Os comentários sobre sua saúde são quase sempre feitos em tom sarcástico, irreverente, o que não significa ausência de sofrimento. O texto foi desenvolvido como um fluxo de pensamento, produzido em situação de urgência, como ato de exteriorização. Em alguns momentos, Jandira abre espaço para citações diversas – a autores (Shakespeare, Tchekhov, Molière) e artistas da música (Raul Seixas, The Platters) –, mas jamais cede à dispersão. Não evita, porém, a impressão de uma dramaturgia que gira em círculos, um pouco estacionada.

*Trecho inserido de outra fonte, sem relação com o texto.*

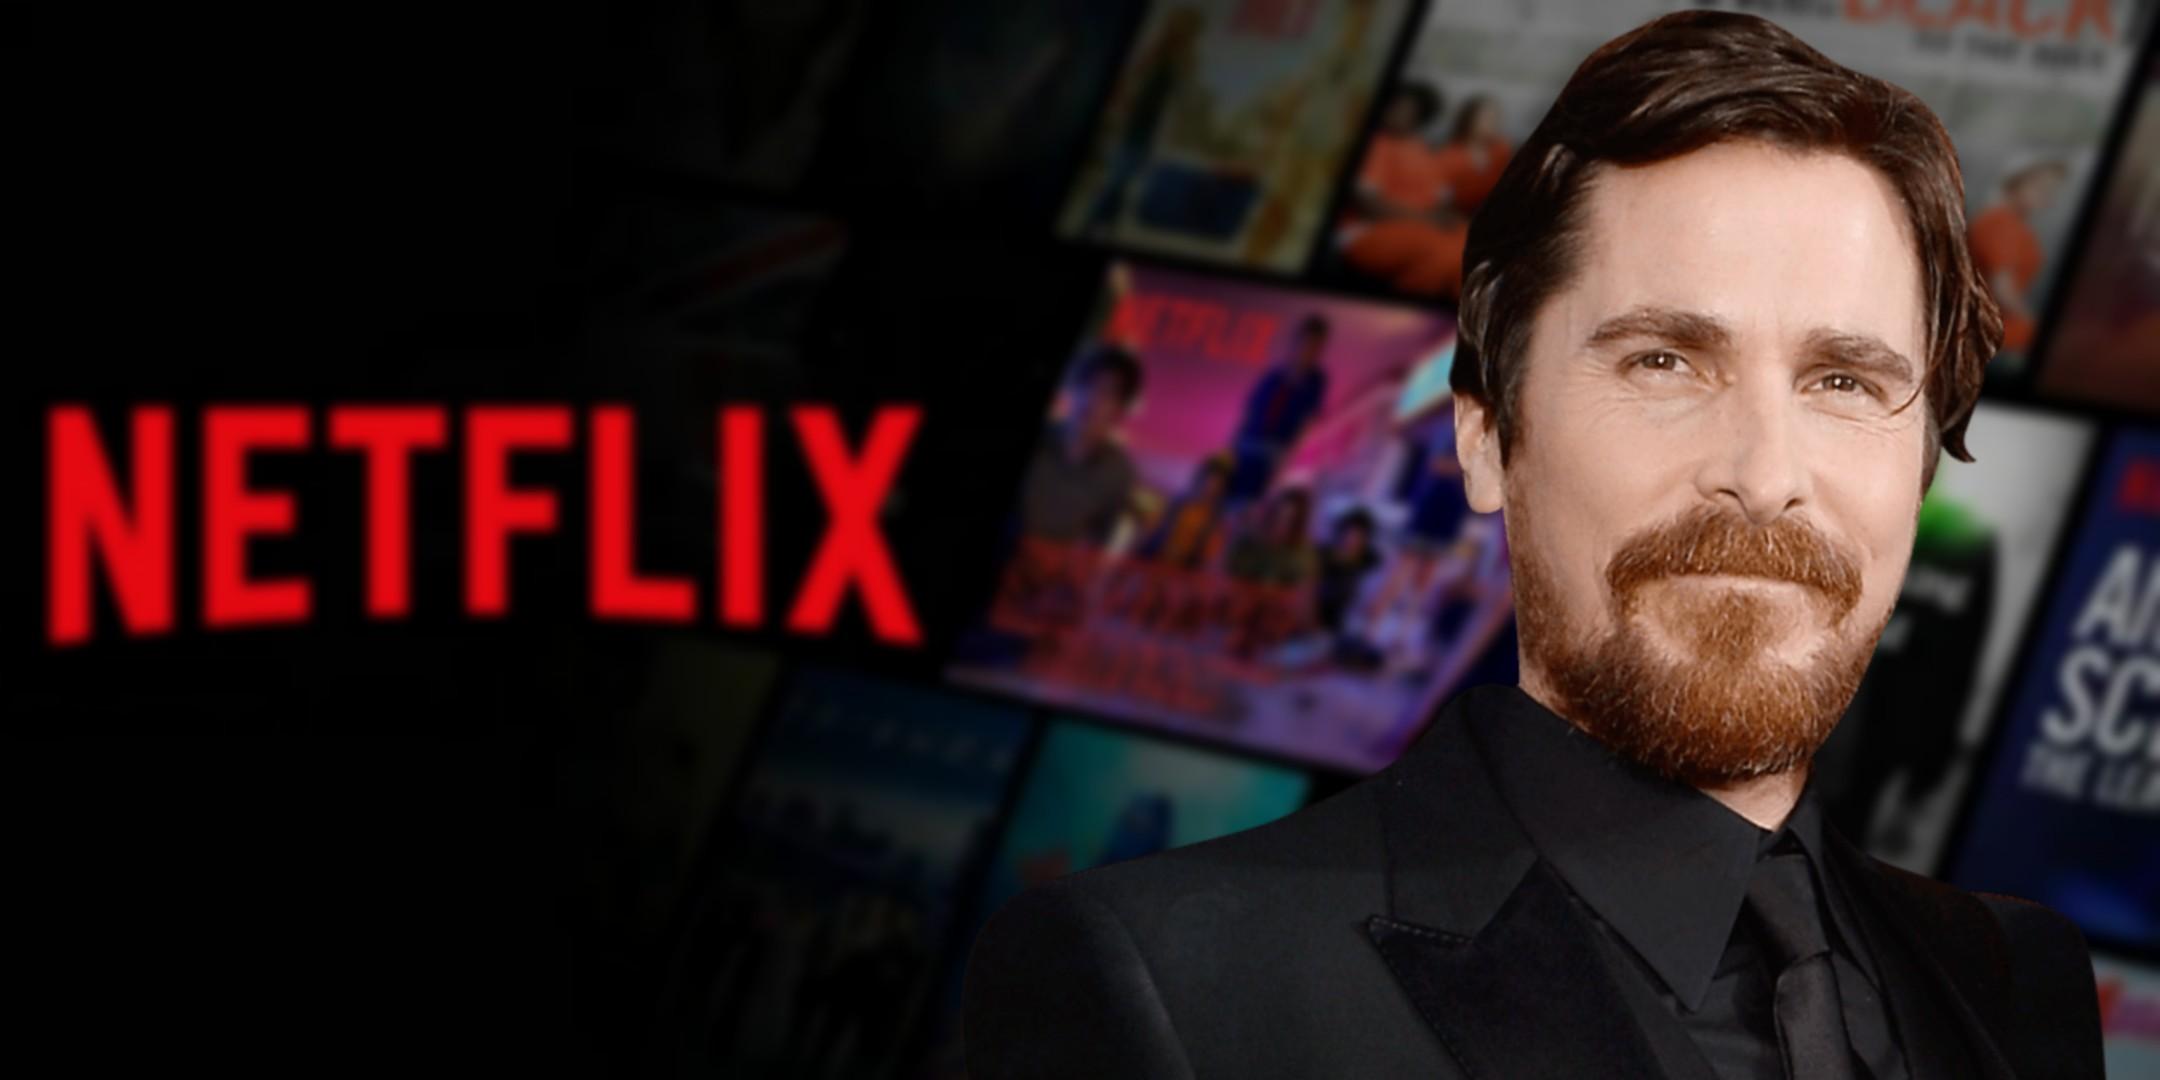 Christian Bale upcoming Netflix horro thriller film

O relativo imobilismo do texto contrasta, em certa medida, com a movimentação fluente de Isabel Teixeira em cena, mérito da direção de Marcos Caruso, parceiro constante de Jandira Martini na concepção de bem-sucedidas comédias de costumes (casos de Porca Miséria e Sua Excelência, o Candidato). Pelo palco vazio do Teatro das Artes, a atriz transita carregando apenas uma cadeira de praia, que, em determinada parte do espetáculo, se torna a cadeira na qual Jandira faz as sessões de quimioterapia. Esse único objeto não é deslocado de sua literalidade, de seu uso cotidiano – a abertura para sentidos variados realçaria a teatralidade. Mas representa tanto as lembranças nostálgicas da juventude quanto a realidade desestabilizadora do presente.

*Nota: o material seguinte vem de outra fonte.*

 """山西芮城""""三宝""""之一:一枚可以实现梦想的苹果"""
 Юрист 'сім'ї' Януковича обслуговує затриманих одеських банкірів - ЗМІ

A escassez cenográfica é uma opção corajosa. Se o formato do monólogo evidentemente concentra as atenções no intérprete, a inexistência de elementos cênicos acentua essa exigência. As demais criações constitutivas do espetáculo seguiram a mesma linha, tendo a síntese como norte, e revelam sintonia com a dramaturgia: a trilha sonora de Aline Meyer parece “expressar” a mente atribulada de Jandira e a iluminação de Beto Bruel quebra de modo pontual com a neutralidade por meio de cor intensa.

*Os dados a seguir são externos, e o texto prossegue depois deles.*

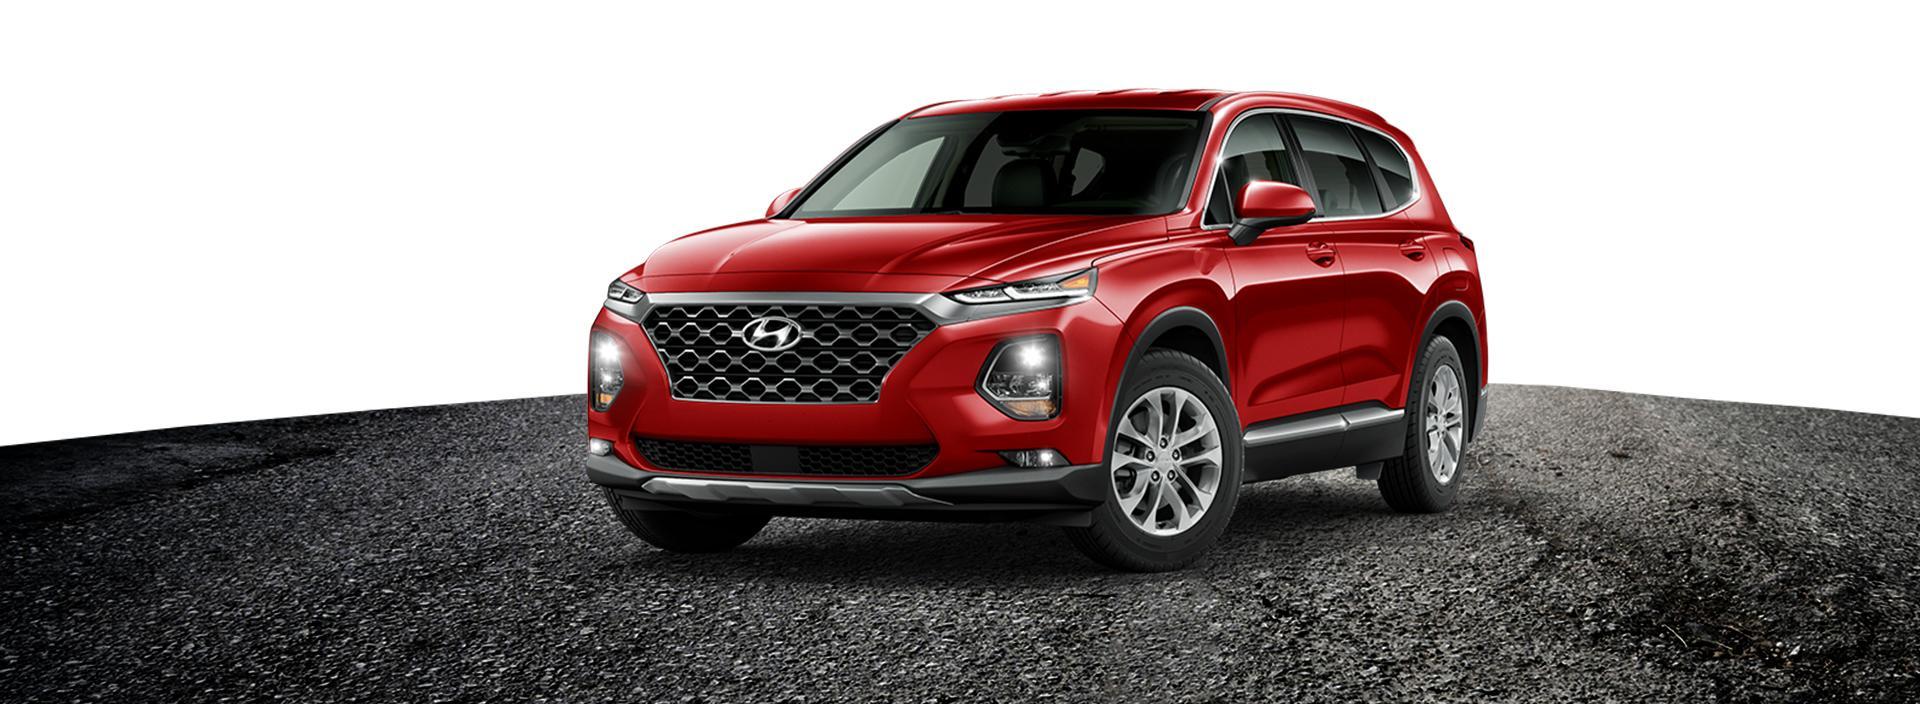 Red Hyundai Santa Fe

Isabel Teixeira interpreta outra atriz, também brasileira e contemporânea. Não procura imitá-la através de recursos de caracterização ou de composição vocal. Mostra-se permanentemente enérgica, mas sem uniformizar sua atuação. Percorre uma gama de estados emocionais, dosando, de forma bastante equilibrada, humor corrosivo e vulnerabilidade.
Em Jandira – Em Busca do Bonde Perdido, Jandira Martini, que morreu esse ano, migrou da ficção para o registro de um contexto dramático da sua vida – ainda que necessariamente se trate de uma ficcionalização das próprias experiências. Uma jornada visceral transmitida na interpretação afinada e versátil de Isabel Teixeira.
JANDIRA – EM BUSCA DO BONDE PERDIDO – Texto de Jandira Martini. Direção de Marcos Caruso. Com Isabel Teixeira. Teatro das Artes (R. Marquês de São Vicente, 52/2º andar – Shopping da Gávea). Sex. e sáb., às 20h, dom., às 18h. Ingressos: R$ 100,00 e R$ 50,00 (meia-entrada).